Tools exist to help track annotation performance. They identify bottlenecks and improve workflows.
Properly assessing annotation performance and efficiency helps make informed decisions. This improves the data labeling process and, ultimately, the quality of machine learning models.
Future trends in annotation techniques
The field of data annotation is evolving rapidly. Looking ahead, new annotation methods will change the way data is prepared for AI models. The goal is to reduce manual effort while maintaining quality.
Development of semantic annotation that will allow not only to label words by parts of speech or classes but also to understand them semantically — that is, to annotate meaning, context, and intent.
Combining active learning with LLM models (like GPT) helps filter out the most ambiguous or important fragments of text for the model — with a focus on context, not just words.
Real-time annotation through assistant models generates the initial annotation, and a person only verifies or corrects. The AI model "learns" in the process.
Multimodal text annotation considers images, video, and audio accompanying text—for example, a caption for a photo or a text description for video analysis.
Ethical and culturally aware annotation that addresses cultural nuances, stereotypes, and biases in text. Models learn to "see" offensive or biased content and annotate it according to ethical norms. Zero-shot / few-shot annotation enables AI models to be trained on few examples or none, using knowledge from large language models (LLMs).
FAQ
What is annotation overhead, and why is it important?

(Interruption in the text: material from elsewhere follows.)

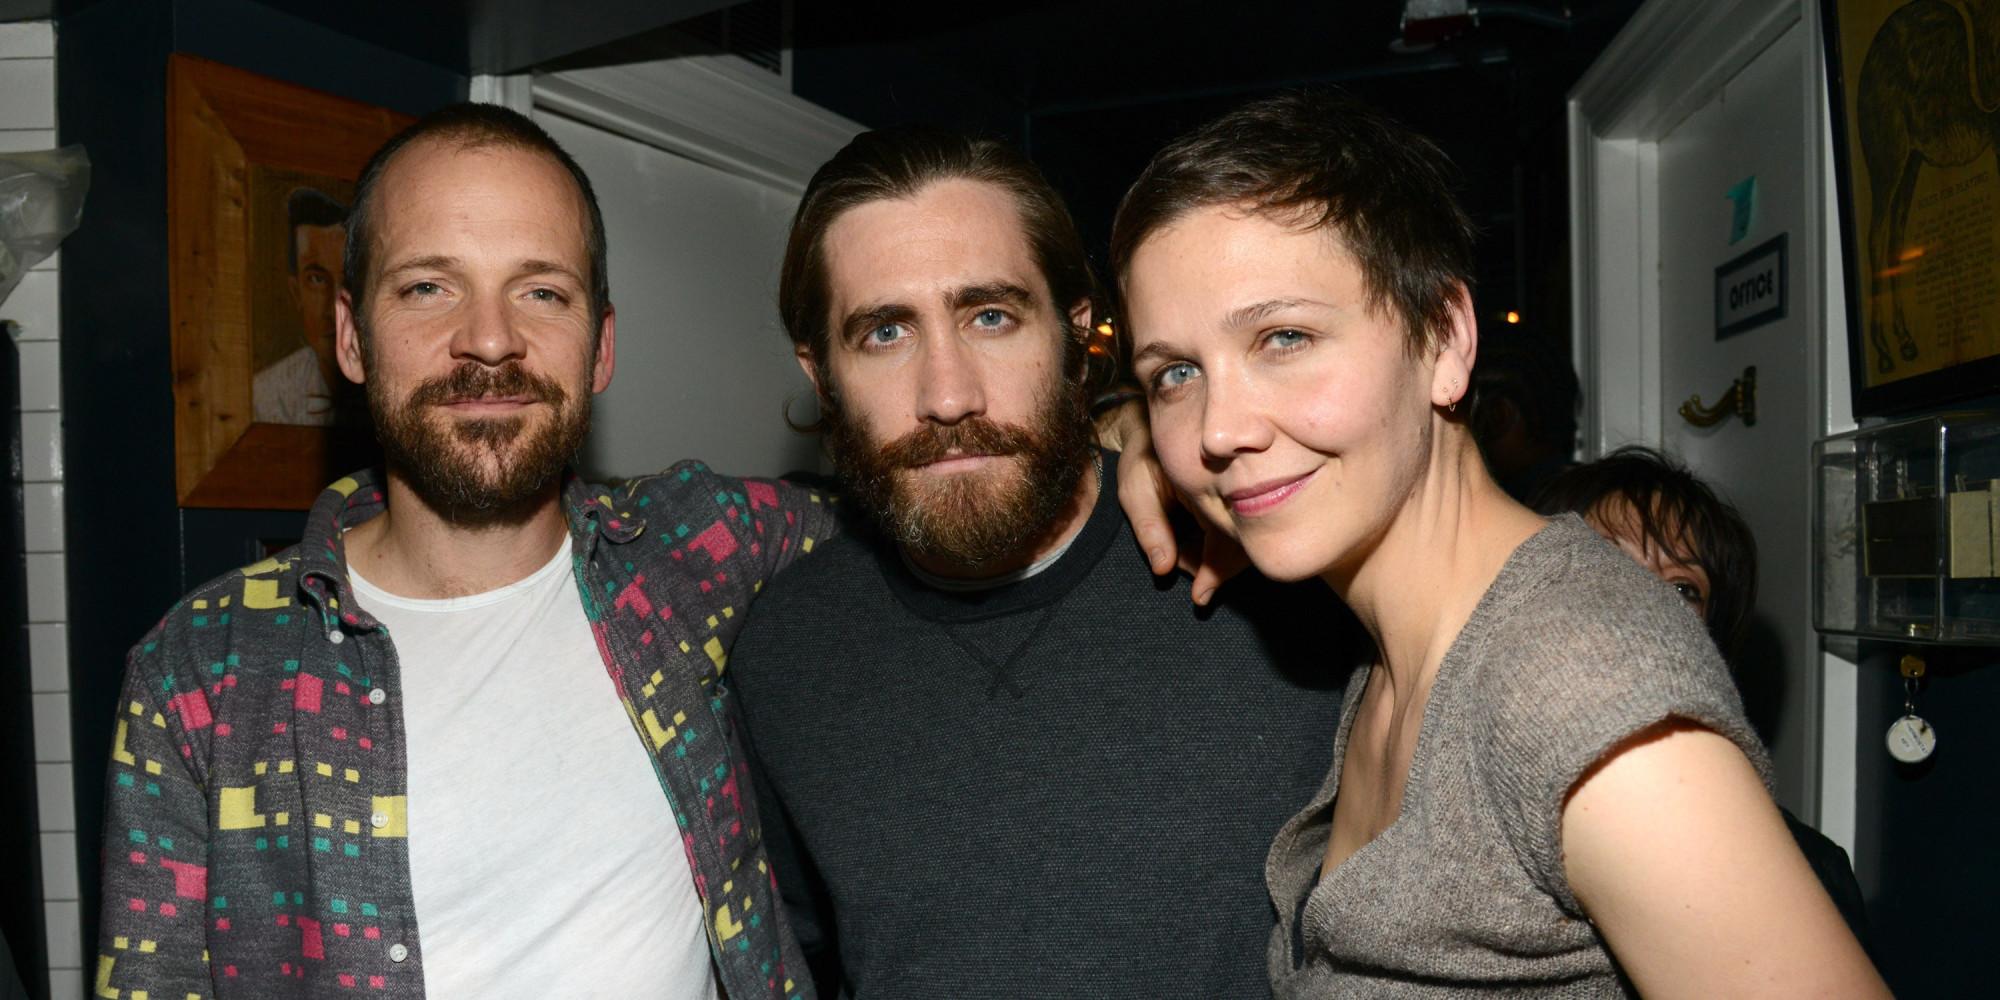 JAKE-GYLLENHAAL-MAGGIE-GYLLENHAAL-facebook jpgJake Gyllenhaal And Maggie Gyllenhaal Kiss

Annotation overhead is the resources spent on training, quality control, and managing the data annotation process. It is important because it affects the overall cost of developing AI systems and the quality of AI models trained on that data.
How does automation help reduce annotation costs?
Automation reduces annotation costs by automatically generating initial annotations.
What is active learning, and how does it benefit annotation processes?
Active learning is an approach where an AI model selects relevant examples for manual annotation. This reduces the amount of annotation by focusing efforts on complex or ambiguous data.
How can the efficiency of data annotation processes be improved?
Active learning reduces the amount of annotation required by selecting the most relevant examples. It also uses pre-trained AI models for automatic pre-annotation with subsequent human validation.
What role does AI play in improving annotation processes?
AI-powered tools help with this. They pre-label data, render annotations in real time, and improve efficiency.
What KPIs should be tracked to assess annotation performance?
Metrics include annotation speed, accuracy, consistency, and annotations per unit of time.
What future trends should we anticipate in annotation techniques?
Future trends include the development of semantic annotation, context-aware active learning, real-time annotation through assistant models, multimodal text annotation, and ethical and culturally aware annotation.